Флоран с улыбкой смотрела на него — Рид был красив, как молодой бог. Строгий костюм был ему к лицу, светлая рубашка выгодно оттеняла смугловатую, туго натянутую кожу щек. Темные волосы, зачесанные назад, были темными и густыми, Рид улыбался, и на сердце Флоран было светло и спокойно. Будущее рисовалось в самых радужных тонах. Даже размер кольца Флоран не сильно волновал — она знала, что Господь ее и без того не оставит. В самом деле за оставшийся год она поумнеет, у нее закалится характер, прибавится душевных сил. И когда кольцо станет впору, ее сердце станет твердым как алмаз. Это позволит без внутренней дрожи рассказать родителям о том, что они с Ридом решили пожениться.

По дороге домой Флоран сняла колечко, засунула его в потайной карман сумочки. Теперь у них с Ридом была своя самая настоящая тайна. Одна на двоих.
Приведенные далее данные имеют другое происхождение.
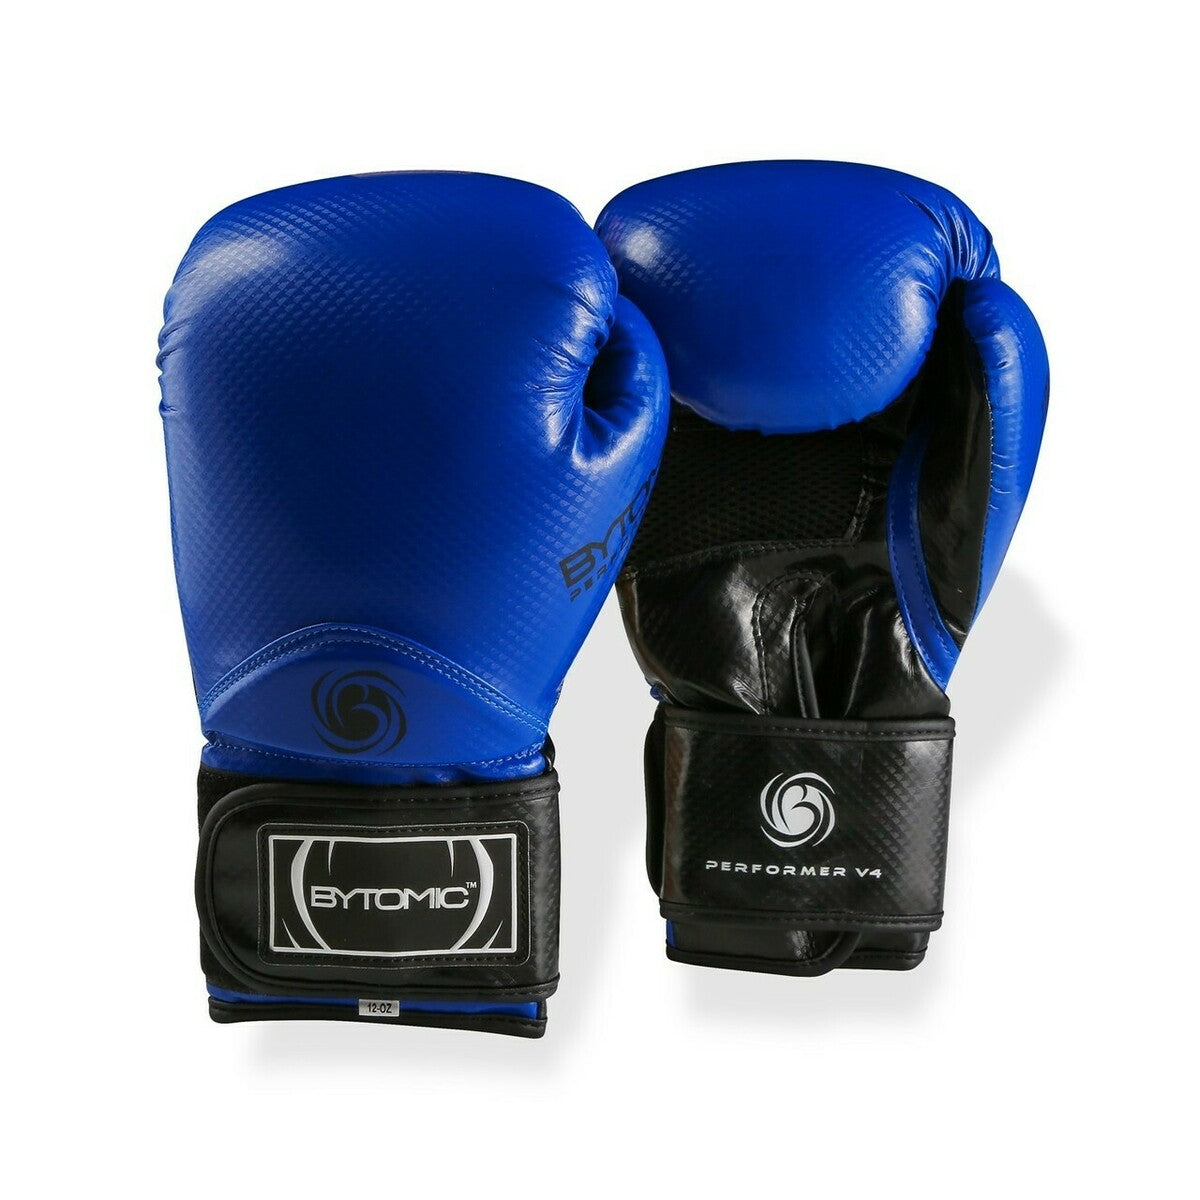 Blue Bytomic Performer V4 Boxing Gloves 10oz

Расставаясь на очередные полгода, Рид и Флоран молчали. Да и о чем они могли говорить на вокзале, если рядом стояли родители. Мать и отец давали Флоран последние напутствия. О самом главном влюбленные переговорили заранее — в летном ангаре на краю поля, куда на ночь запирали самолет. Условились, что будут верны друг другу, а для поддержания чувств будут обмениваться письмами не реже двух раз в неделю. Это было нерушимым условием. Любое его искажение будет свидетельствовать об одном — договор больше не действителен, каждая из сторон может разорвать его в любую минуту.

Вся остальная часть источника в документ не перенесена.